**EXERCISE**
Could you repeat the whole listing below exactly, omitting any picture it holds?

**DATA**
+++++
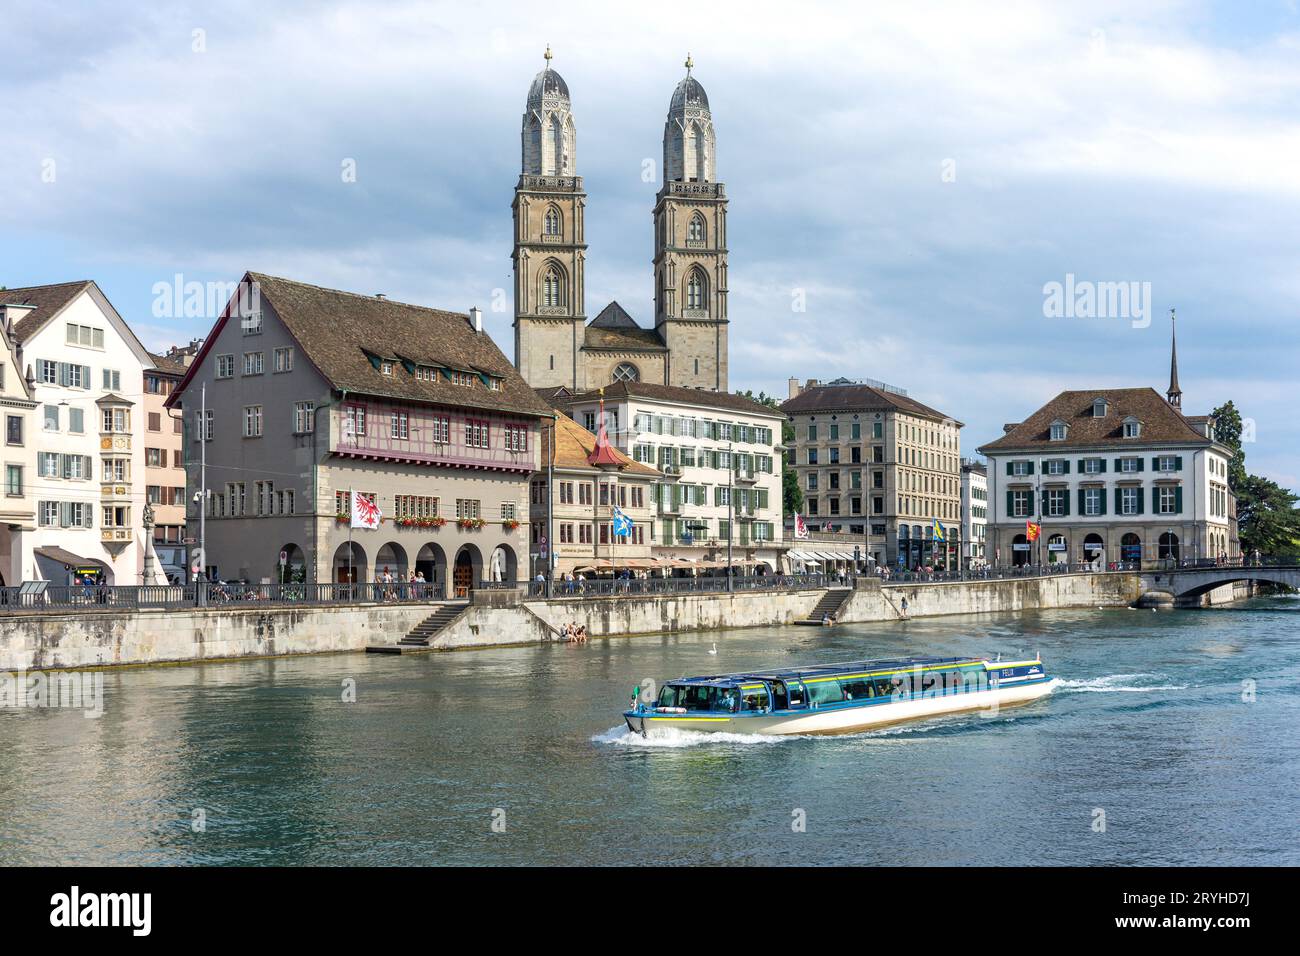 Église de Grossmünster et bateau de croisière sur la rivière Limmat, Pont de Grossmünster, Altstadt (vieille ville), ville de Zürich, Zürich, Suisse Banque D'Images
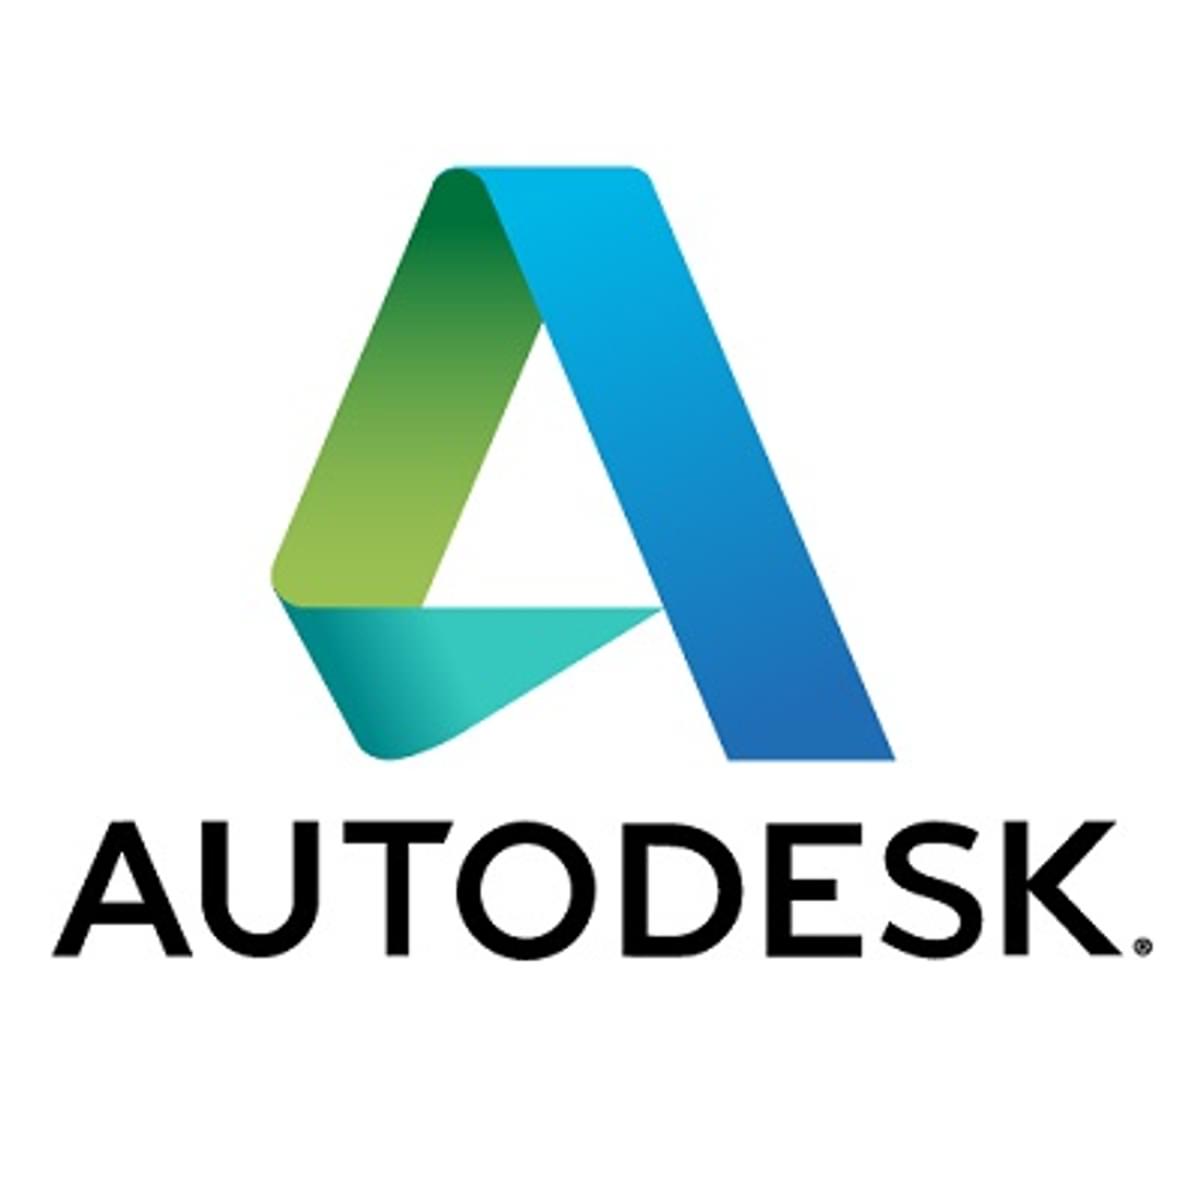 CAD & Company neemt Autodesk-portefeuille over van Stabiplan image
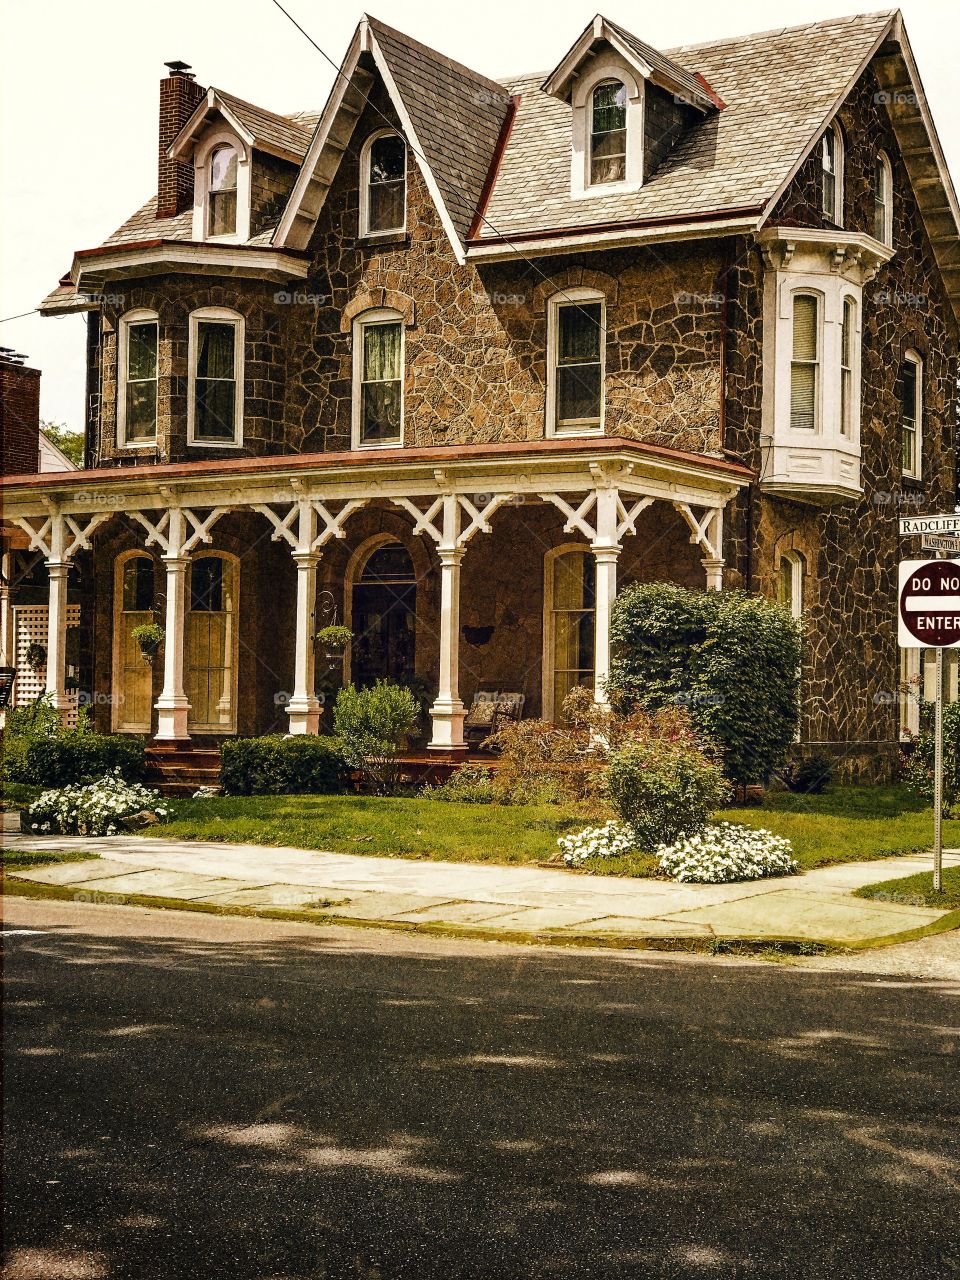 Portrait of a vintage home
+++++
**EXERCISE SOLUTION**
 Église de Grossmünster et bateau de croisière sur la rivière Limmat, Pont de Grossmünster, Altstadt (vieille ville), ville de Zürich, Zürich, Suisse Banque D'Images
 CAD & Company neemt Autodesk-portefeuille over van Stabiplan image
 Portrait of a vintage home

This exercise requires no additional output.